Though the final text of the measure is still secret, the leaked draft — which was emblazoned with the watermark of a powerful oil and gas industry lobbying group — elucidated the broad strokes of the deal: weakened environmental laws and expedited timetables to steamroll any opposition or delay when fossil fuel companies want to build pipelines through fragile ecosystems and local communities.

And yet, the same Democratic lawmakers who waved around emissions projections to justify passage of the IRA have produced no similar estimates about the emissions implications of the pipeline deal that Schumer acknowledges was “part of the IRA.”

“The fact that emissions projections for Schumer’s side deal have not been discussed either in private or in public point to the reality of what’s at stake here,” said Jim Walsh of the environmental group Food and Water Watch. “Schumer and Manchin’s deal is not talking about clean energy; it’s a fossil fuel payday. The leaked draft specifies the fast-tracking of 19 fossil fuel-related infrastructure projects. Any effort to spin that increased pollution as emissions reduction would be just that — spin.”

“Pipelines Are The Vast Majority Of The Emissions”

Environmental groups say speedy approvals for pipelines and other fossil infrastructure could undercut projected emissions reductions from other parts of the IRA.

“Just looking at a couple pipelines and our public lands gives you a sense of how much damage this could do,” said Jamie Henn, a co-founder of 350.org and director of Fossil Free Media, which is backing a coalition of 1,200 groups opposing the pipeline deal. “The Mountain Valley Pipeline is estimated to have the lifetime emissions of approximately 25 coal-fired power plants, the Line 3 pipeline that Biden refused to stop is estimated to have the equivalent emissions of 50 coal fired power plants, and one quarter of U.S. emissions since 2005 have come from public lands, which Manchin and the GOP want to open up for more drilling. Start adding these up and we’re talking serious emissions.”

The link between pipelines and emissions was spotlighted in a recent study from researchers at Michigan Technological University, who found that pipelines account for nearly half of the country’s carbon dioxide emissions, because the infrastructure accelerates the distribution and use of fossil fuels.
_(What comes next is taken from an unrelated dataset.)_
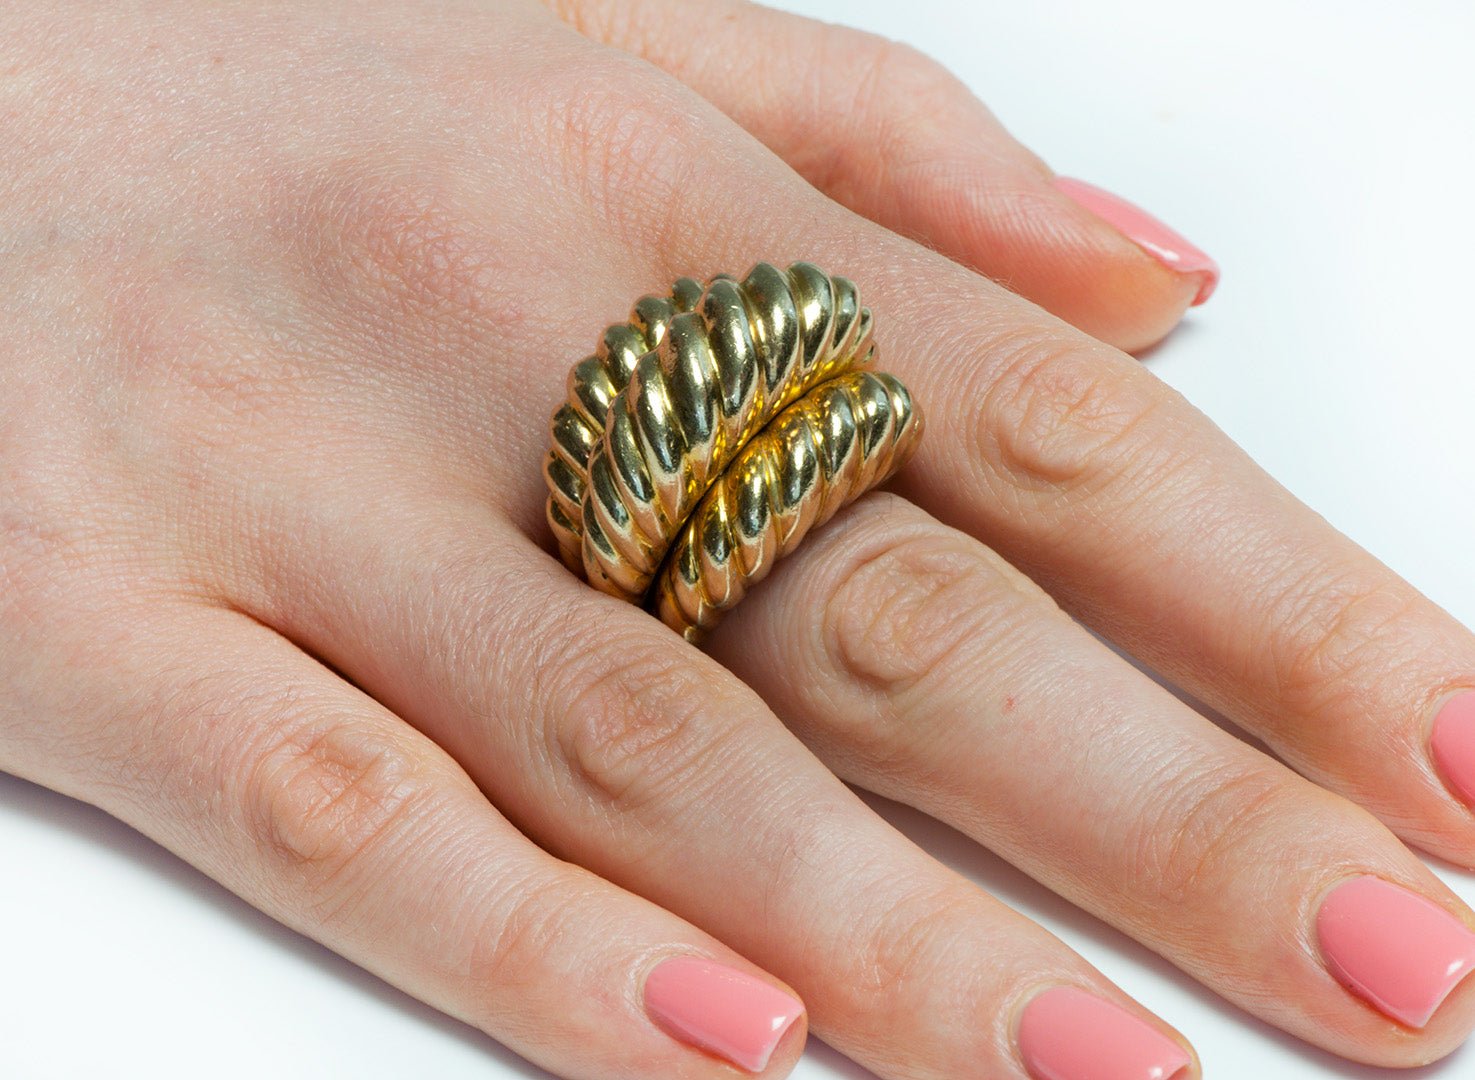 Vintage Yellow Gold Dome Ring

That is in addition to emissions from natural gas pipeline leaks of methane, which is a particularly potent greenhouse gas. Such pipeline leaks are releasing millions of metric tons of methane every year, according to government data cited by the Environmental Defense Fund.

What’s more, congressional investigators earlier this year found that “oil and gas companies have internal data showing that methane emission rates from the sector are likely significantly higher than official data reported to [the Environmental Protection Agency] would indicate.”

“Allowing any additional fossil fuel infrastructure like pipelines that we put in place locks you into additional fossil fuels,” Michigan Tech engineering professor Joshua Pearce told The Lever. “The pipelines are [responsible for] the vast majority of the emissions within the United States. To build more of them is really sacrificing the future.”

Studies Touting IRA Did Not Account For The Pipeline Deal

This summer, as Manchin’s Energy Committee touted support from fossil fuel companies and lobby groups for Democrats’ Inflation Reduction Act, party lawmakers preemptively countered alarms from environmental critics by citing a trio of studies asserting that their legislation would reduce emissions.